Authors
Alberto Docampo-Seara, Mehmet Ilyas Cosacak, Kim Heilemann, Friederike Kessel, Ana-Maria Oprişoreanu, Markus Westphal, Özge Çark, Daniela Zöller, Josi Arnold, Anja Bretschneider, Alisa Hnatiuk, Nikolay Ninov, Catherina G Becker, Thomas Becker
Published in
PLoS biology. Volume 24. Issue 6. Pages e3003865. Jun 18, 2026. Epub Jun 18, 2026.
Abstract
Zebrafish, in contrast to mammals, regenerate neurons after spinal cord injury, but little is known about the control mechanisms of this process. Here we use scRNA-seq and in vivo experiments to show that sema4ab, mainly expressed by lesion-reactive microglia, attenuates regenerative neurogenesis by changing the complex lesion environment. After spinal injury, disruption of sema4ab doubles the number of newly generated progenitor cells and neurons but attenuates axon regrowth and recovery of swimming function. Disruption of the plxnb1a/b receptors, selectively expressed by neural progenitor cells, increases regenerative neurogenesis.
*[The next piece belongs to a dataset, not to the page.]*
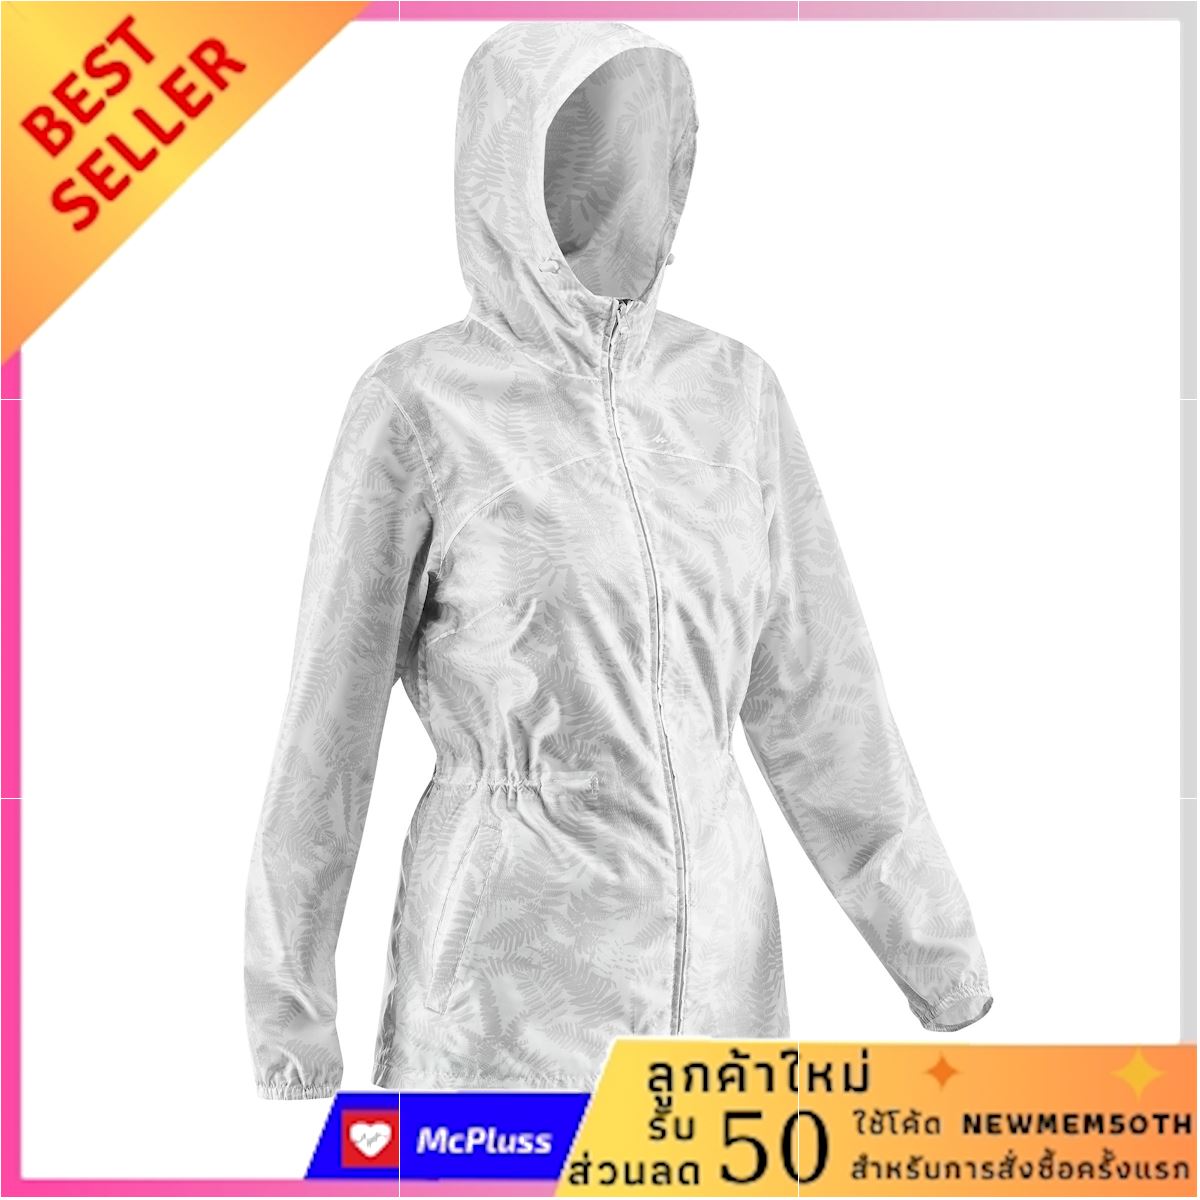 เสื้อแจ็คเก็ตกันฝนผู้หญิงสำหรับใส่เดินในเส้นทางธรรมชาติรุ่น NH100 Raincut Full Zip คุ้มค่า คุ้มราคา

In addition, disruption of sema4ab alters activation state and cytokine expression of microglia, such that fibroblasts increase expression of the cytokine tgfb3, which strongly promotes regenerative neurogenesis. Hence, we propose that sema4ab expression in microglia attenuates regenerative neurogenesis in multiple ways, likely directly through plxnb1a/b receptors and indirectly, by controlling the inflammatory milieu and tgfb3 levels. Targeting Sema4A-dependent signaling in non-regenerating vertebrates may be a future strategy to improve regenerative outcomes.
PMID:
42313864
Bibliographic data and abstract were imported from PubMed on 19 Jun 2026.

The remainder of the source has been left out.